**Exercise goal:**
Everything below from the line with "Elazığ'da Artan Asayiş" through the line with "LOTR: Boromir era" should be copied exactly, and nothing else; leave out the pictures.

**Data:**
*****

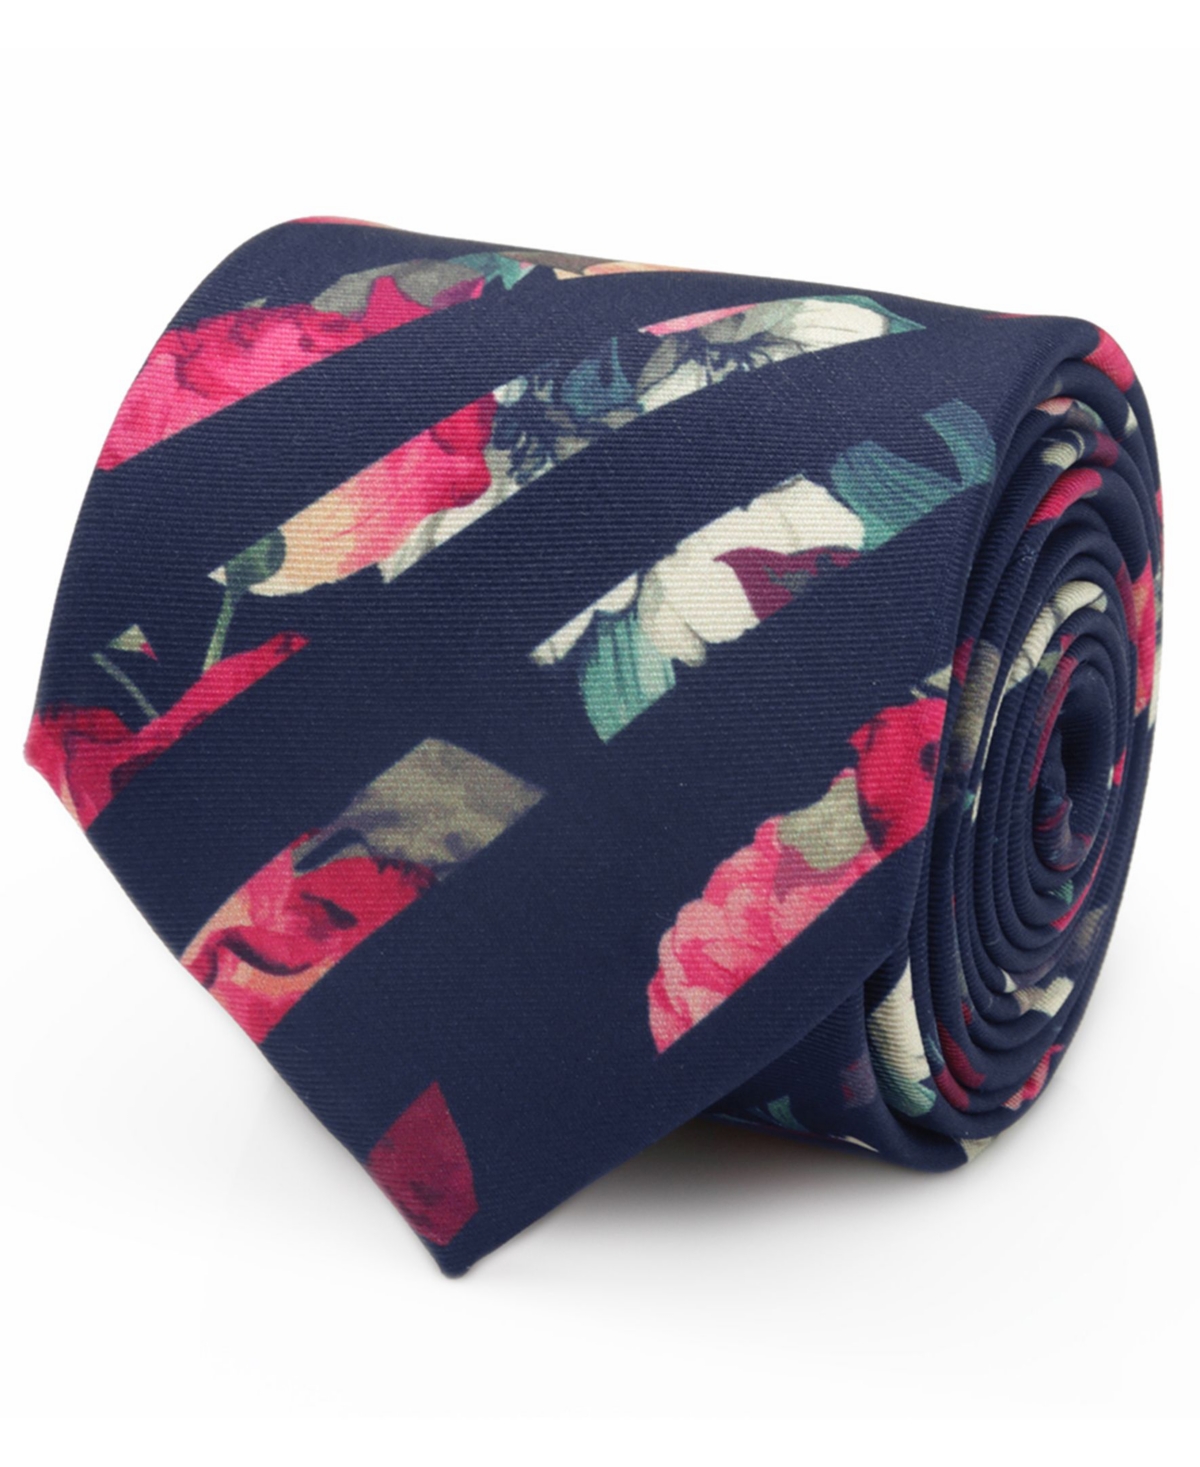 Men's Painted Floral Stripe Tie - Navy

*****

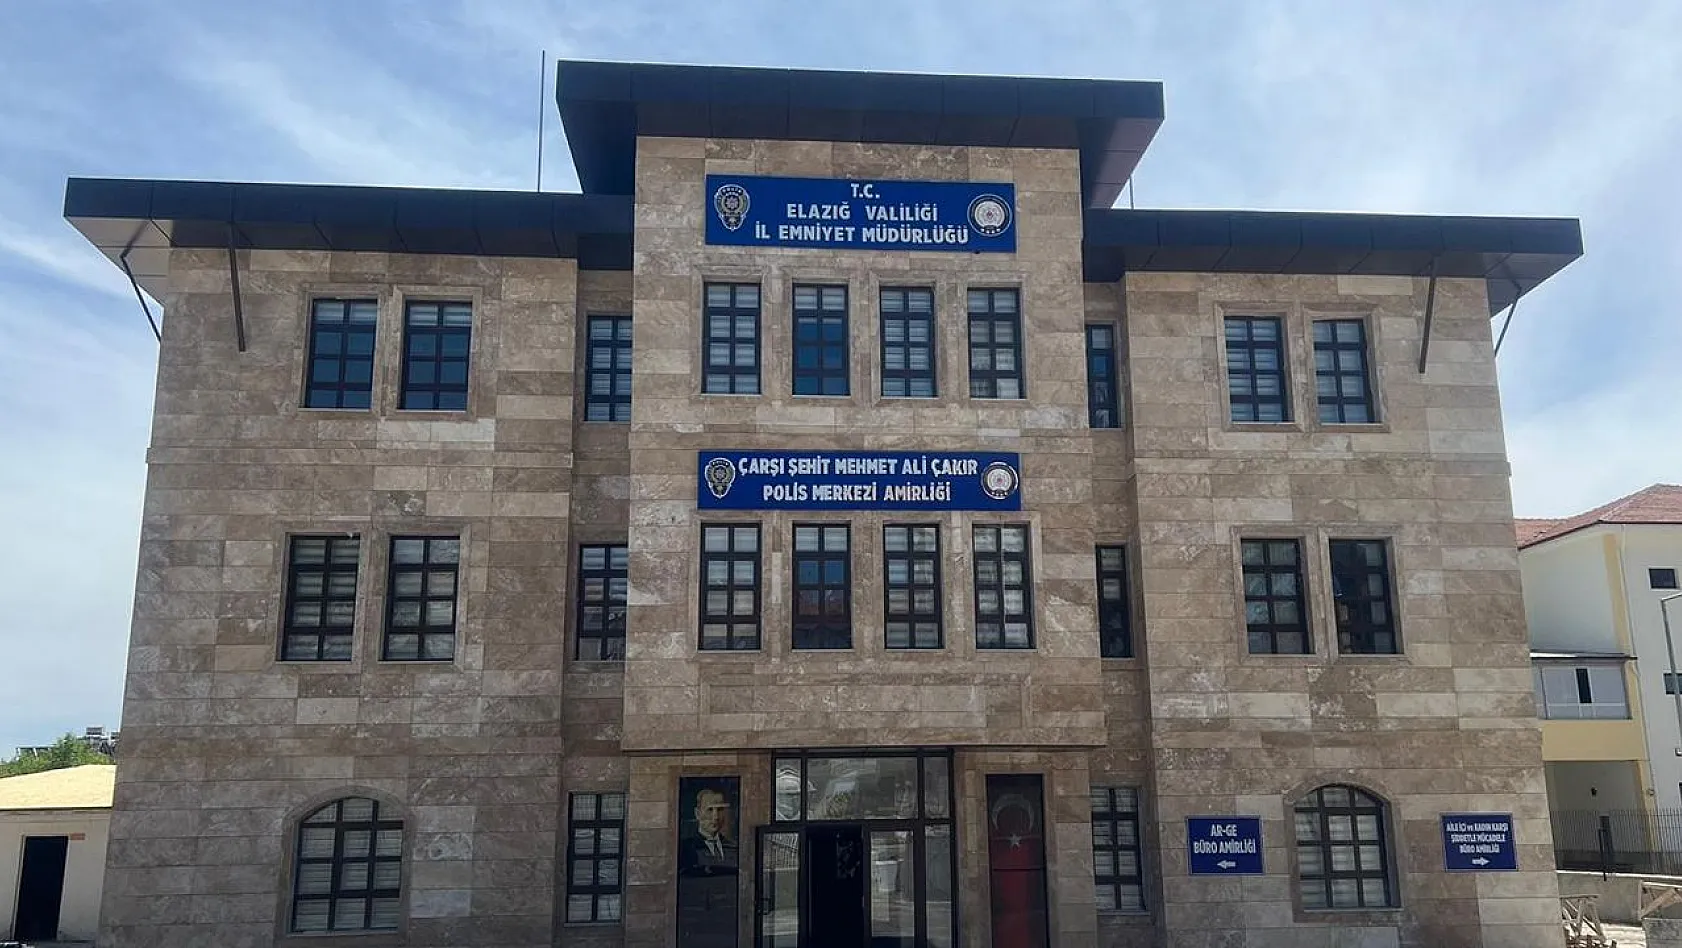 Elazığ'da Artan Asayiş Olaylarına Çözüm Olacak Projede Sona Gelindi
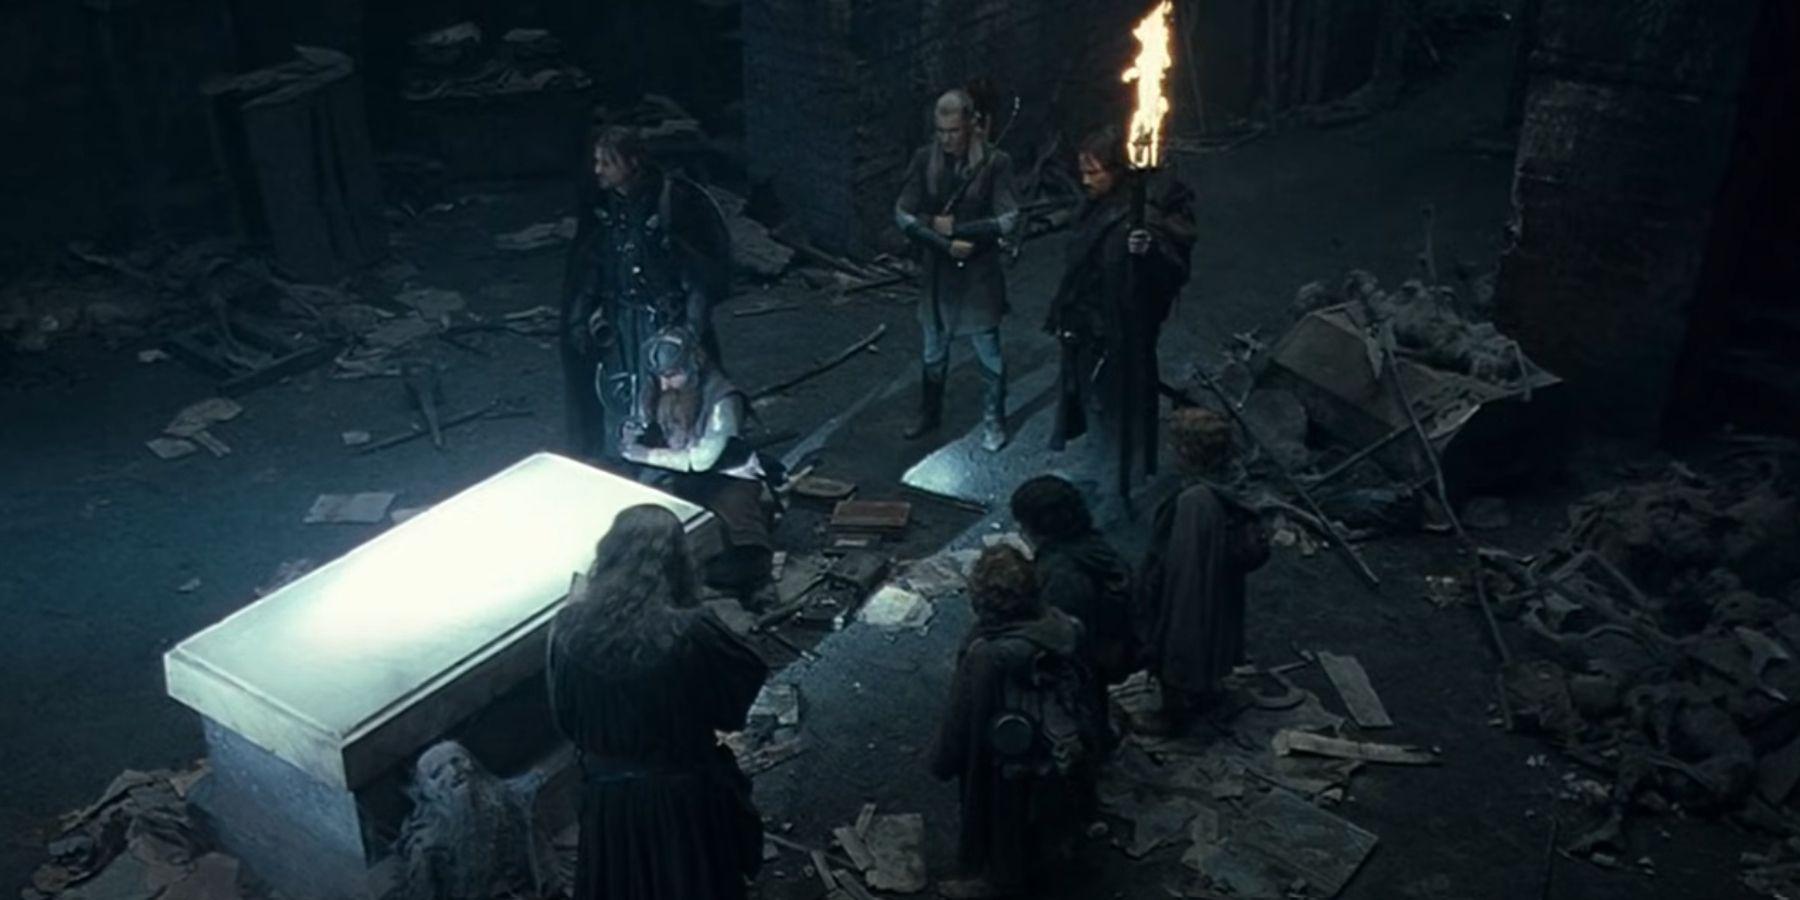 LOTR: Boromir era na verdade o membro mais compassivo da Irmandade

*****

**Written answer:**
 Elazığ'da Artan Asayiş Olaylarına Çözüm Olacak Projede Sona Gelindi
 LOTR: Boromir era na verdade o membro mais compassivo da Irmandade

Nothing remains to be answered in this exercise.